Humility means knowing what and who we are, acknowledging and admitting our frailty, acknowledging and admitting that we need help, that each of us need help, in being and becoming who we are meant to be as human beings, help from each other and help from God. “So help me, God” is not an oath, but a plea, a heartfelt plea for God to guide and strengthen, and, when we fall short, to forgive.

a biblical mandate

a biblical mandate

In case you missed it … Alexandria Ocasio-Cortez quotes the Bible.

Last month White House press secretary Sarah Huckabee Sanders condescendingly dismissed Alexandria Ocasio-Cortez’ Green New Deal saying:

I don’t think we’re going to listen to her on much of anything, particularly not on matters that we’re going to leave in to the hands of a much, much higher authority … [The country should leave the fate of the planet in] the hands of something and someone much more powerful than any of us.

Ocasio-Cortez tweeted in reply:

She’s right.
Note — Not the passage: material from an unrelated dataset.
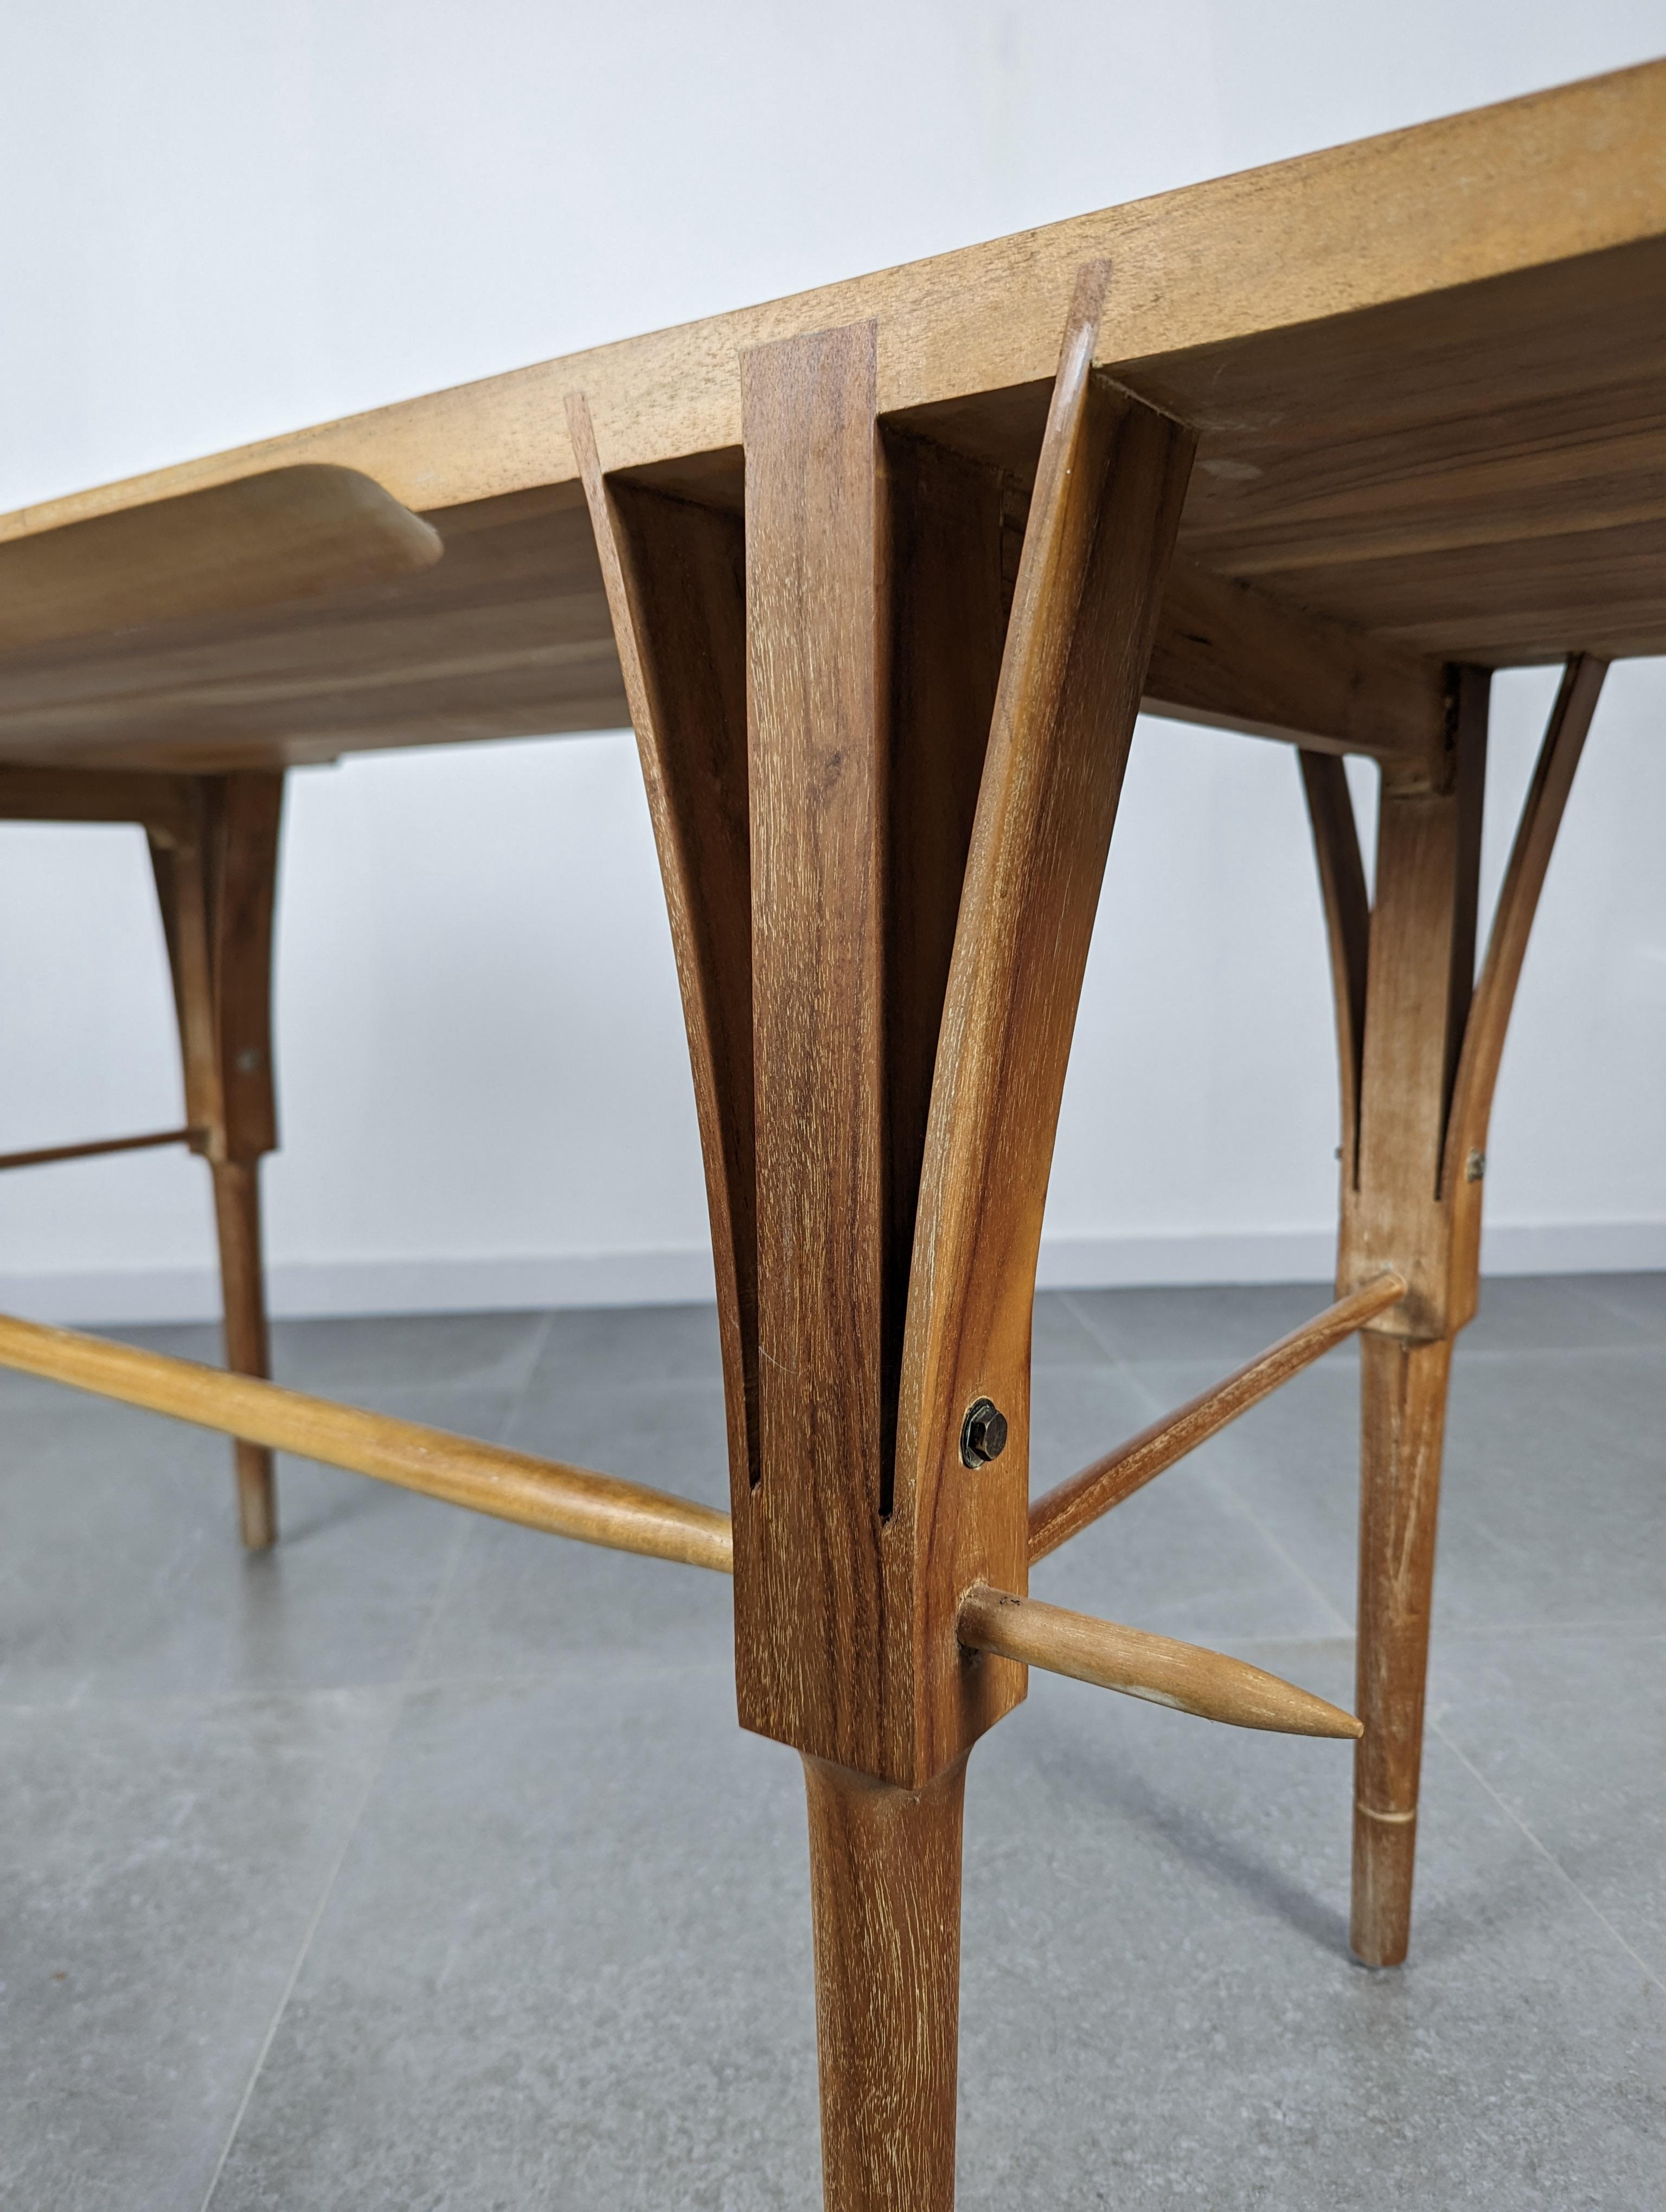 Exklusiver Holztisch, der dem bedeutenden dänischen Designer und Architekten Sven Ellekaer zugeschrieben wird. Das unverwechselbare Design von Ellekaer mit seinem V-förmig geschwungenen Holz und der präzisen Verbindung zwischen den Teilen zeigt die

Taking care of this planet is our human responsibility, our delegated responsibility, from the One in whose image we are made. Like the One who made us, we possess the power to build up or tear down, to protect or to destroy, to care … or not.

How can we claim to love God and not love (care for) this earth that God has created? How can we claim to love our neighbors and not care for the home which sustains their life and all life?

Christian environmentalist is not an oxymoron. Environmentalism is an essential and necessary part of our Christian identity!